6.2 NDC-1308: An Estrogen Receptor Ligand That Induces Remyelination In MS Models

Saturday, June 1, 2013: 2:55 PM
Steven H Nye, Ph.D. , ENDECE, LLC, Mequon, WI
Robert E Babine, Ph.D. , Rebexsess Discovery Chemistry, Encinitas, CA
Wei Xu, Ph.D. , McArdle Laboratory for Cancer Research, University of Wisconsin, Madison, WI
Michael Bittner, Ph.D. , Computational Biology, Translational Genomics Research Institute, Phoenix, AZ
Bruce D Trapp, Ph.D. , Neuroscience, Cleveland Clinic, Cleveland, OH
James G Yarger, Ph.D. , ENDECE, LLC, Mequon, WI

Background: Previous reports using animal models of demyelinating diseases provides evidence for estrogens as a potential therapeutic to treat MS patients. With that in mind, we have created a new series of estrogen receptor (ER) ligands for treating multiple sclerosis (MS). The ligands are analogs of 17β-estradiol (E2) that bind to the ERs and induce distinct intracellular responses that determine cell fate.  

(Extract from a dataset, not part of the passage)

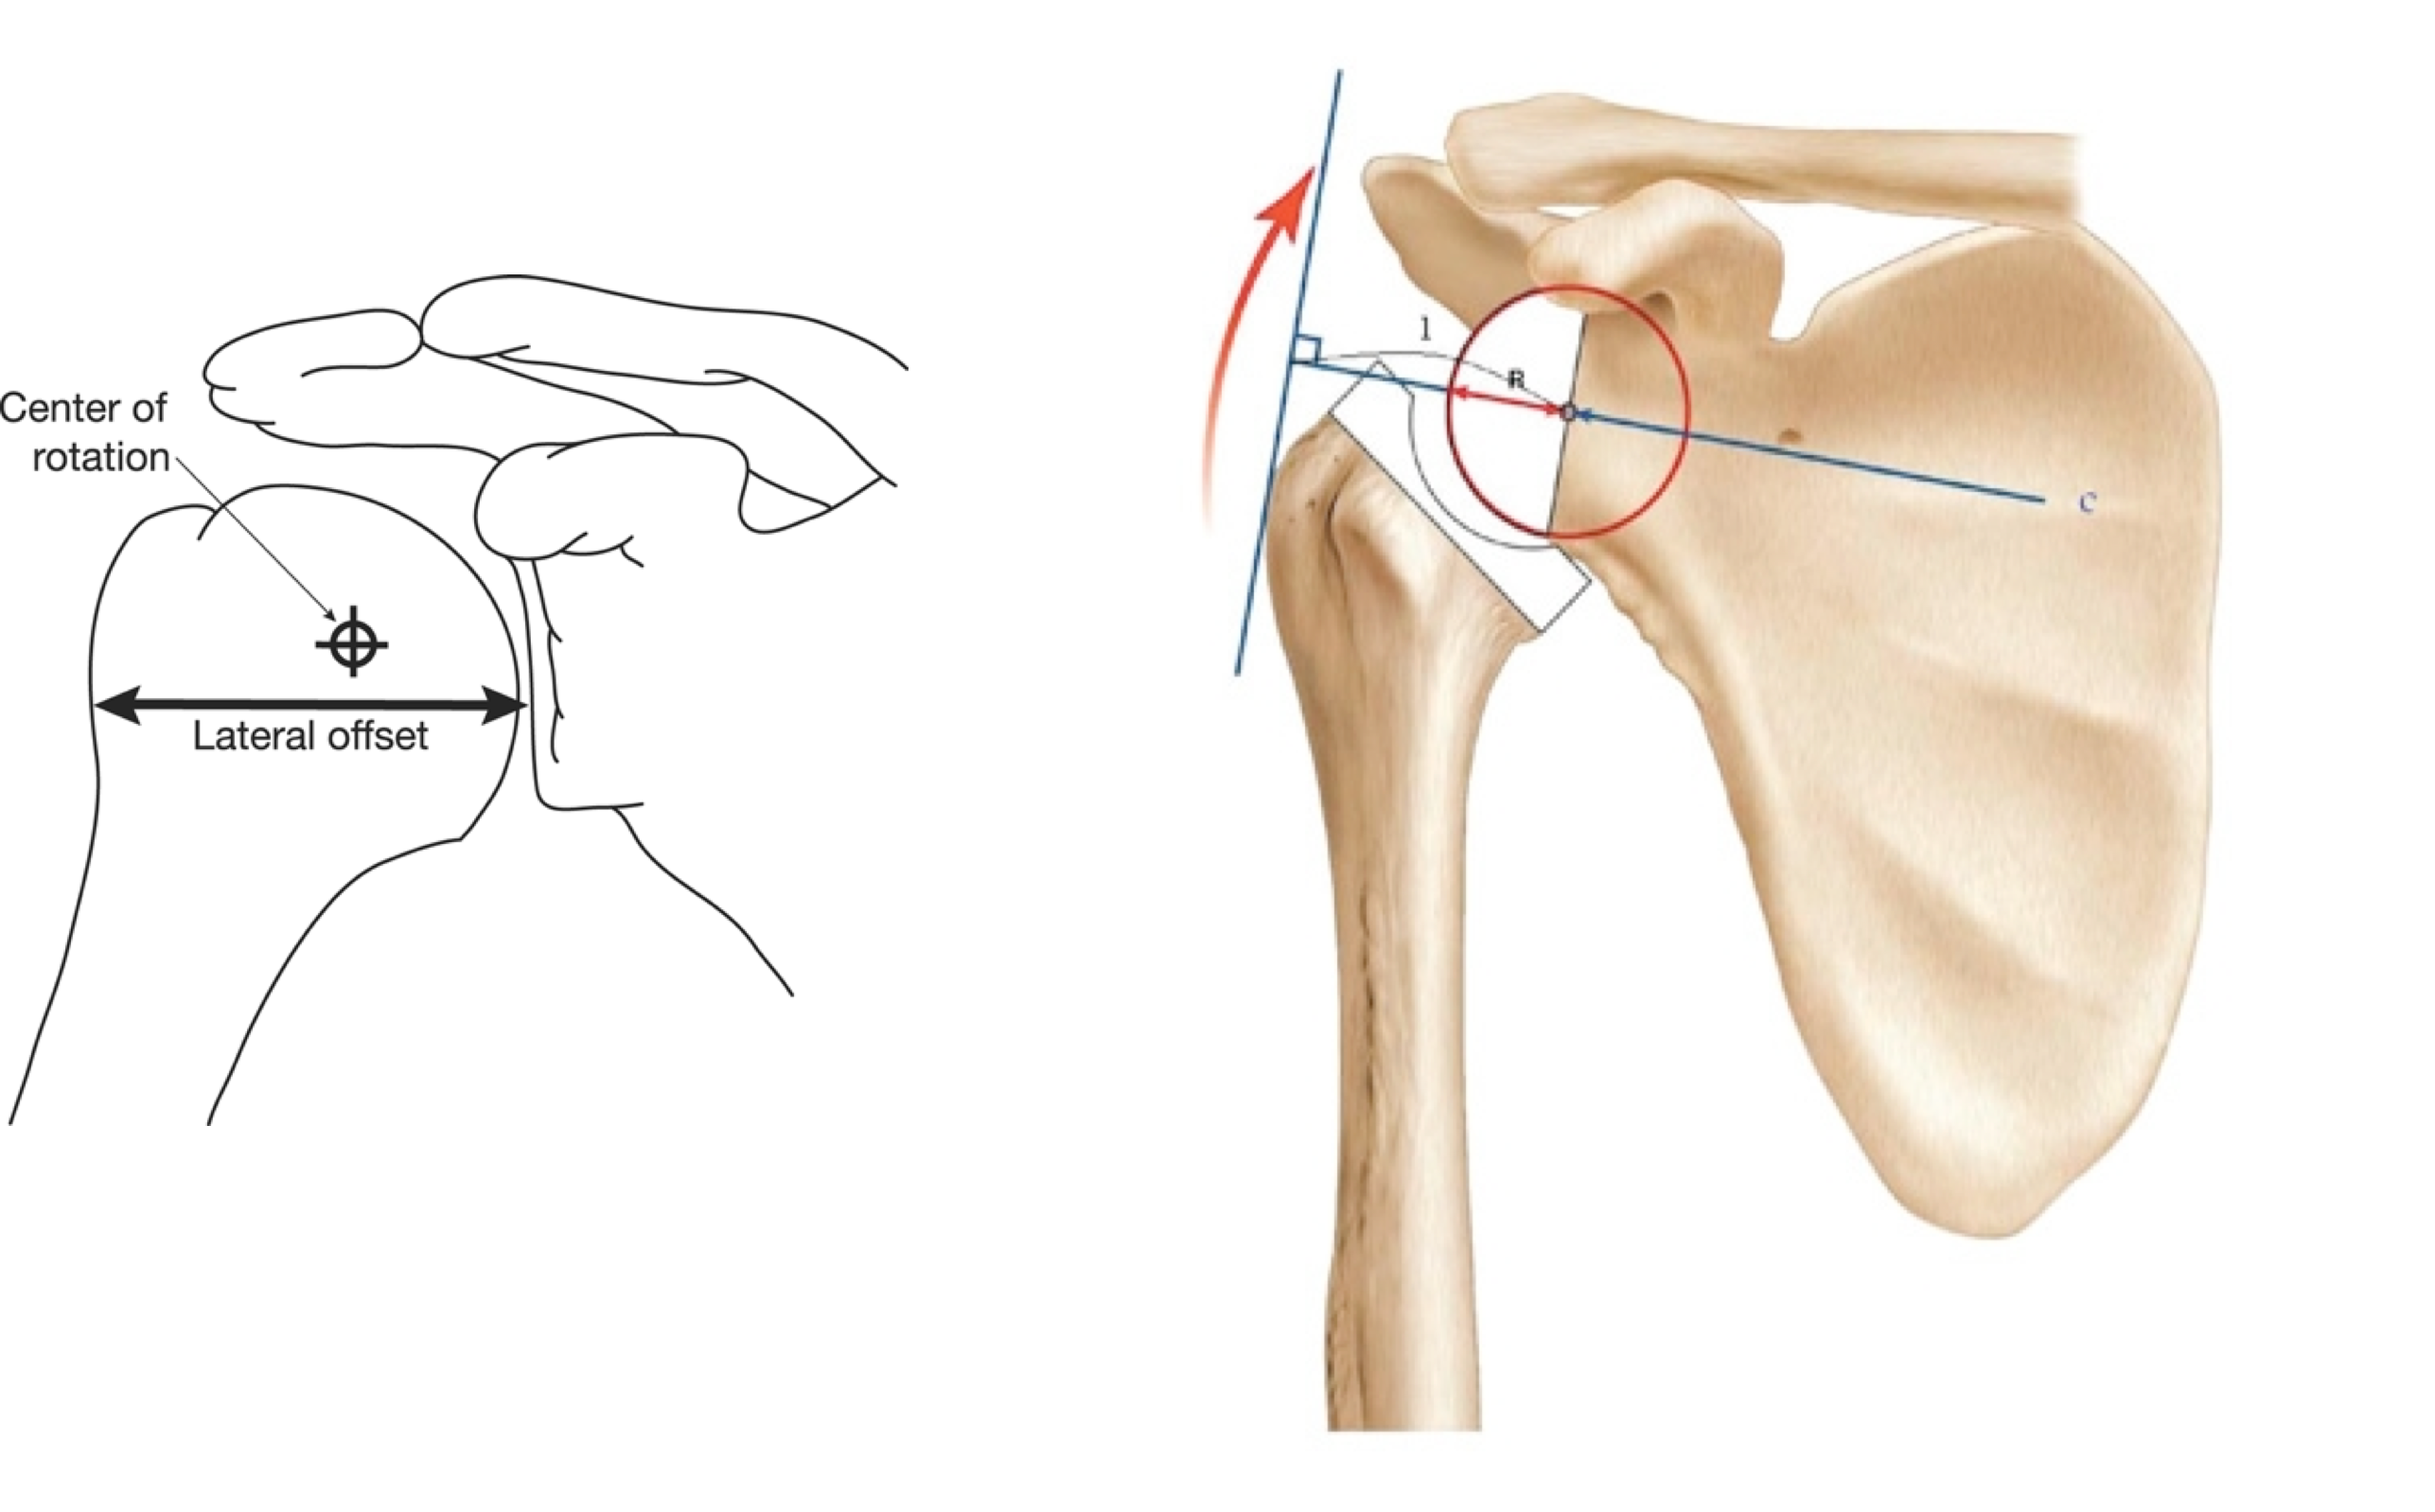 reverse-shoulder-arthroplasty-orthopaedicprinciples

Objectives: To discover an ER ligand that induces differentiation of oligodendrocyte progenitor cells (OPCs) into mature oligodendrocytes, thereby leading to remyelination of demyelinated axons. A potent ER ligand would then be developed into a therapeutic for treating MS patients.  

Methods: Based on molecular modeling, modifications to the core structure of E2 were designed with different C-6 alkoxyalkyl moieties and/or substitution of the C-18 methyl group. Structurally similar, but distinct, E2 analogs (NDC-1308, NDC-1022 and NDC-1352) were synthesized to greater than 99% purity and characterized for ER binding affinity in competitive assays using recombinant human ERs.  ER dimerization was assessed using BRET assays, while ER activation was determined using luciferase reporter constructs, all in human cells.  Differential gene expression of the E2 analogs was evaluated in human cell lines by microarray, followed by pathway analysis related to OPC differentiation and myelin synthesis. Gene expression patterns were integrated with the receptor biology to predict which E2 analogs would cause OPC differentiation in vitro. The E2 analogs were formulated using various cyclodextrins, with lead NDC-1308 further evaluated for efficacy in MS models.

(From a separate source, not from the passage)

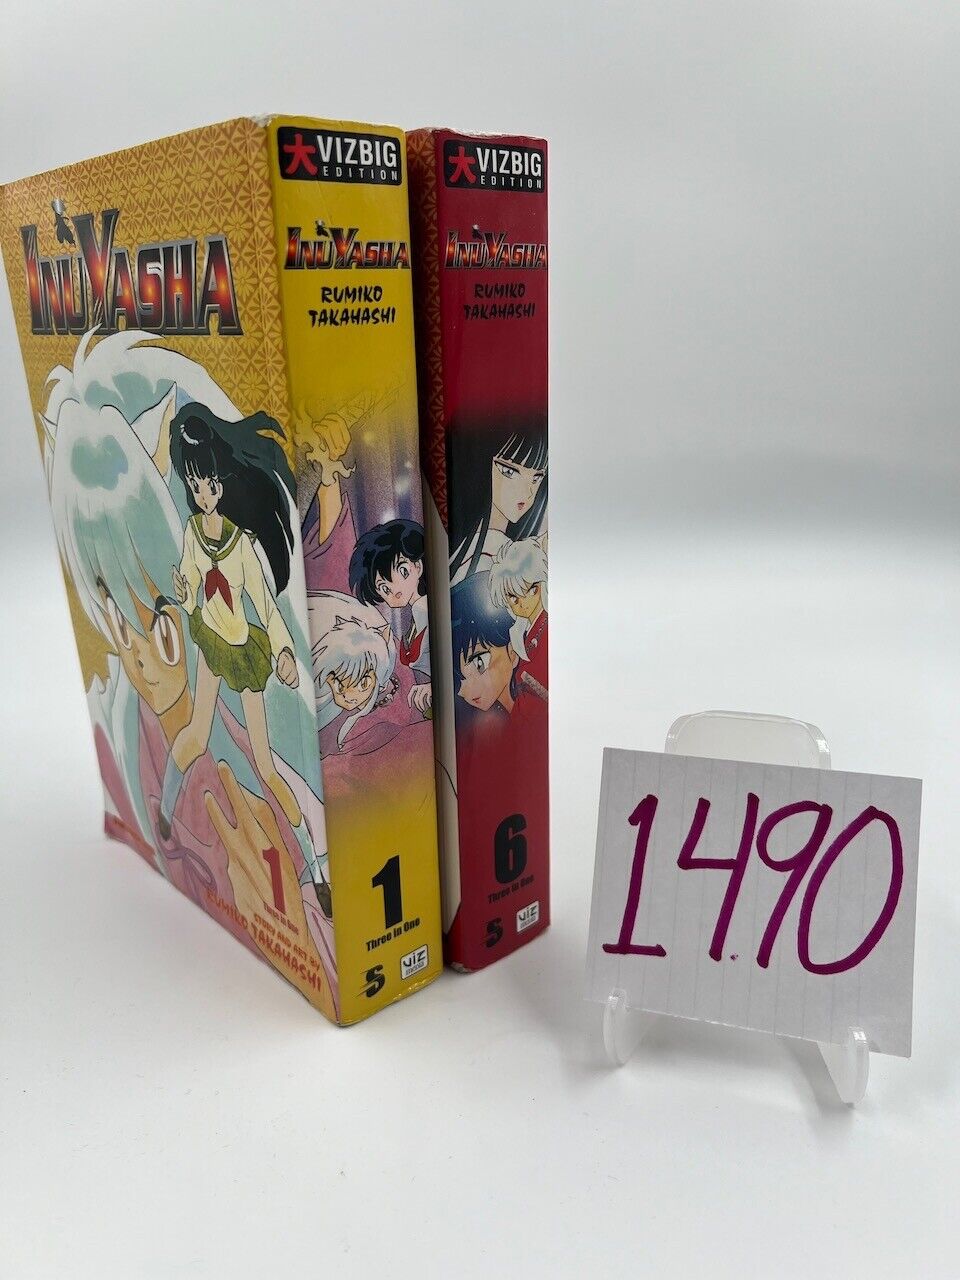 Manga - InuYasha Vol 1, 6, Viz big Editions, 2021/2022 Print Runs

Results: The E2 alterations caused pronounced changes in subtype selectivity for ER-α or ER-β, along with varying degrees of ER dimerization and ER activation. While several E2 analogs cause a dramatic up-regulation of genes (2 to 75-fold) in signaling pathways related to OPC differentiation and myelin production, NDC-1308 was the most potent of the E2 analogs and significantly more potent at differentiating OPCs than either estriol or E2. Following systemic dosing, NDC-1308 crosses the blood brain barrier in EAE-induced mice and is absorbed into CNS tissues. NDC-1308 administration (10 mg/Kg, daily) significantly reduced the level of apoptosis in the spinal cord of EAE mice.  Studies employing different routes of administering NDC-1308, along with various dosing schedules, are currently being carried out in the cuprizone mouse model of demyelination to examine how NDC-1308 influences the remyelination process.

Conclusions: The findings presented here are consistent with NDC-1308 activating ERs in a unique way that upregulates genes necessary for inducing OPC differentiation. Further development of NDC-1308 as a therapeutic for remyelination in MS patients is ongoing, either alone or in combination with current immunomodulatory therapies.